Bloomberg: China pours billions into Huawei to make it a chip mogul
Huawei is developing a self-sufficient chip network with the active help of the Chinese state, Bloomberg News reports. According to the publication's research, a city government investment fund in Shenzhen has been founded for the sole purpose of putting Huawei as the centerpoint of a big network with optical specialists, chip equipment developers and chemical manufacturers.
The decision to make Huawei the leading force came with a direct order from the top of government, said two sources. The state even asked the manufacturer to launch Mate 60 earlier than previously planned as a response to the visit of US Commerce Secretary Gina Raimondo to China.
The Huawei Mate 60 smartphones feature a China-made 7nm chipset Kirin 9000S. We have sent multiple inquiries to Huawei representatives about the SoC, but they declined to comment every time. Insiders said the 7nm chipset, built by SMIC, reveals that China is roughly five years behind the current most advanced technology.

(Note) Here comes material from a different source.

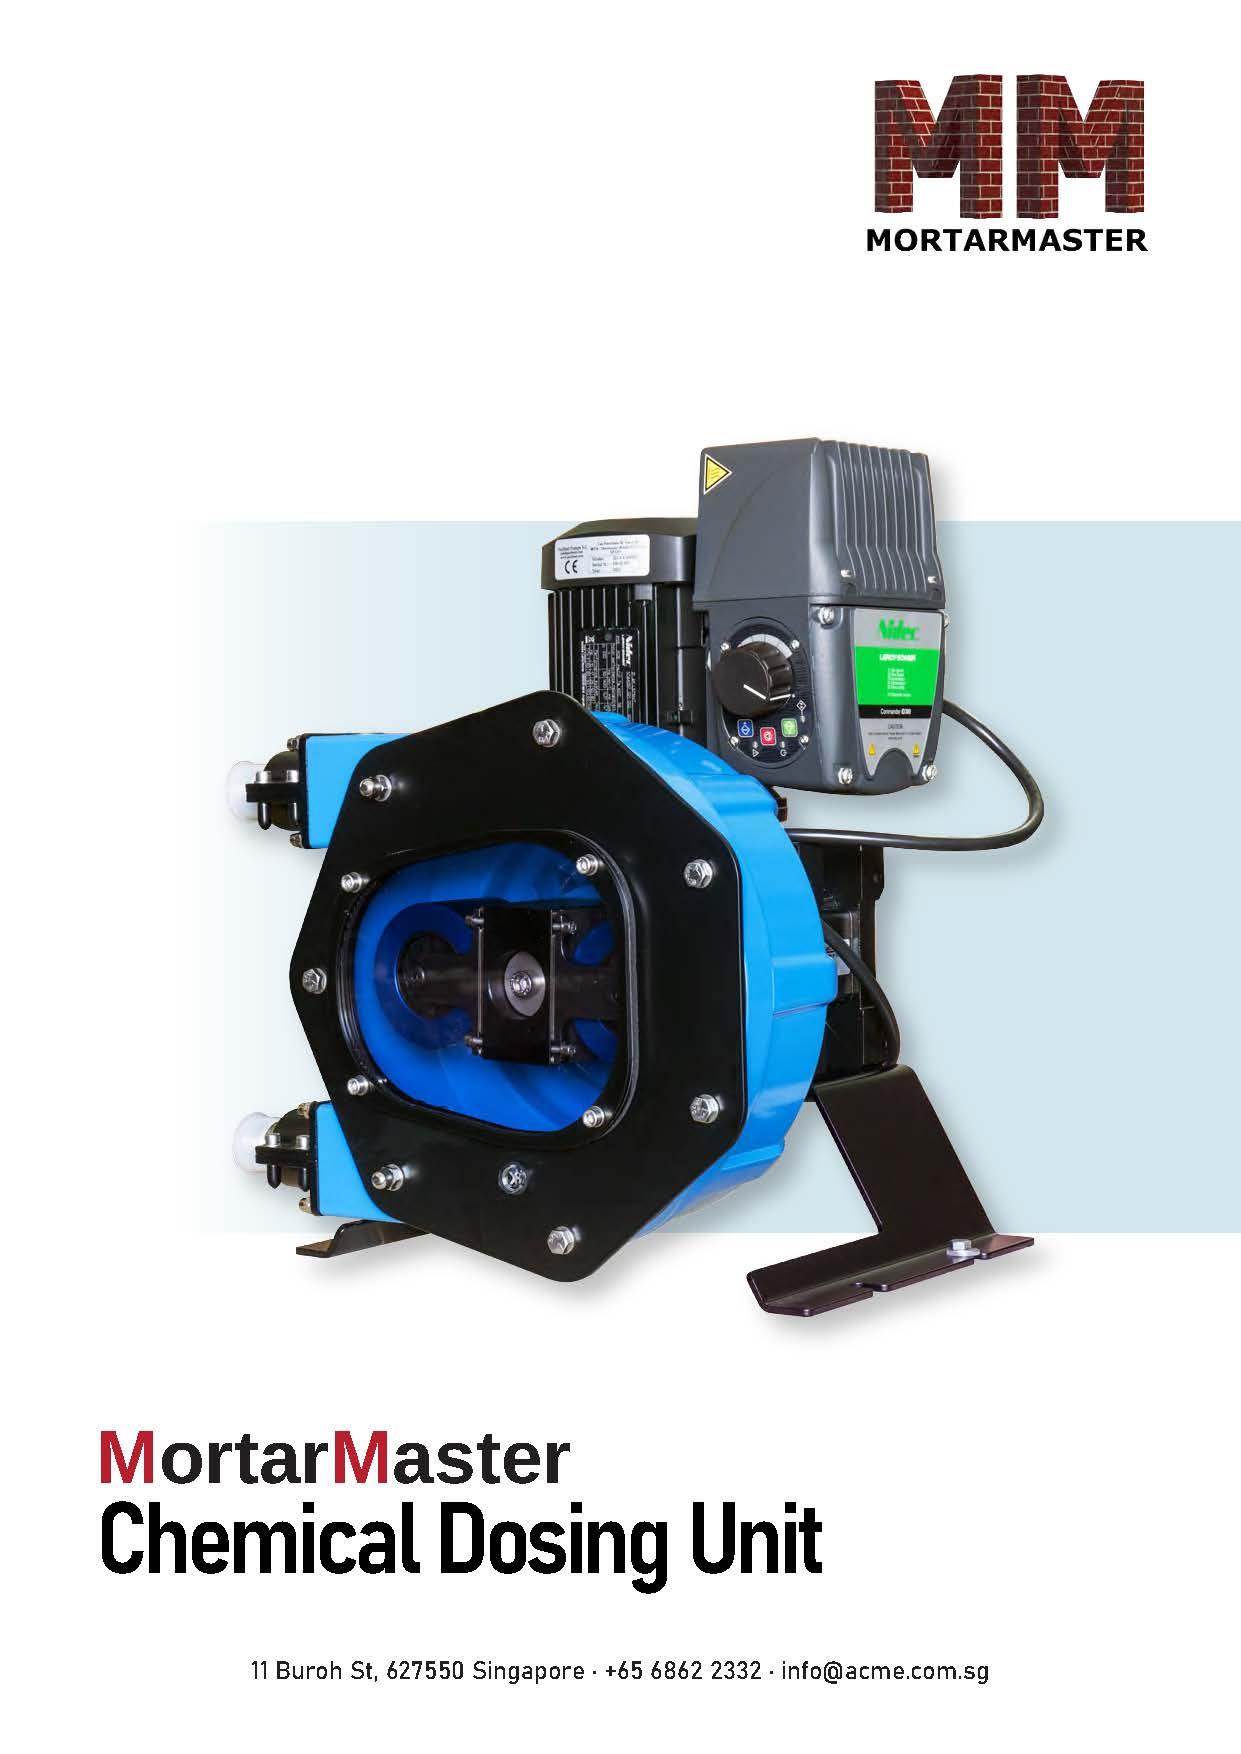 Mortar Master Chemical Dosing Unit Brochure

Export controls by the United States aimed to keep China behind at least eight years. The major reason why Huawei and the whole chip business in China is being targeted by the United States is concerns that US technology acquired by Chinese makers could be applied in chips like the 9000S to power AI-controlled drones, supercomputers for code-breaking and surveillance.
The Shenzhen Major Industry Investment Group was created in 2019 with state funding and received direct orders to support China's chip efforts. It has invested in about a dozen companies in the supply chain, revealed data from a public platform about company registration information. Bloomberg found one chipmaking tool company called SiCarrier, which formed a âclose symbiotic relationshipâ with Huawei, and both sides exchanged talent.
SiCarrier is using engineers to work under the Huawei project, while the chip manufacturer transferred a dozen patents, including technologies for electronic machines and data center designs. Both sides didn't respond to requests for comment to Bloomberg News.
One facility of SiCarrier makes components for semiconductor manufacturing equipment, including laser-driven light source gears, pressure control valves, and pumps, according to an evacuation map on a wall.
There is also Zetop Technologies, a company that makes optical machines that put layer after layer of transistors on a silicon wafer, and Huawei is a major shareholder, along with the Institute of Optics, Fine Mechanics, and Physics, an affiliate of the Chinese Academy of Sciences.
ASML Holding, a Dutch company that practically holds a monopoly over the sales of lithography machines, is not selling its products to Chinese companies. However, Huawei and its partners managed to hire a number of former ASML employees to help work on chipmaking machines.
Analysts revealed China is not only setting up funds and building $30 billion chip fabrication facilities. The state also helps with land, requires no income tax, and even builds apartment buildings for employee campuses. The country doesn't aim to establish full self-sufficiency. It works only on creating domestic alternatives in fields where the US and allies can choke off supplies, like lithography, wafer production, and electronic design information.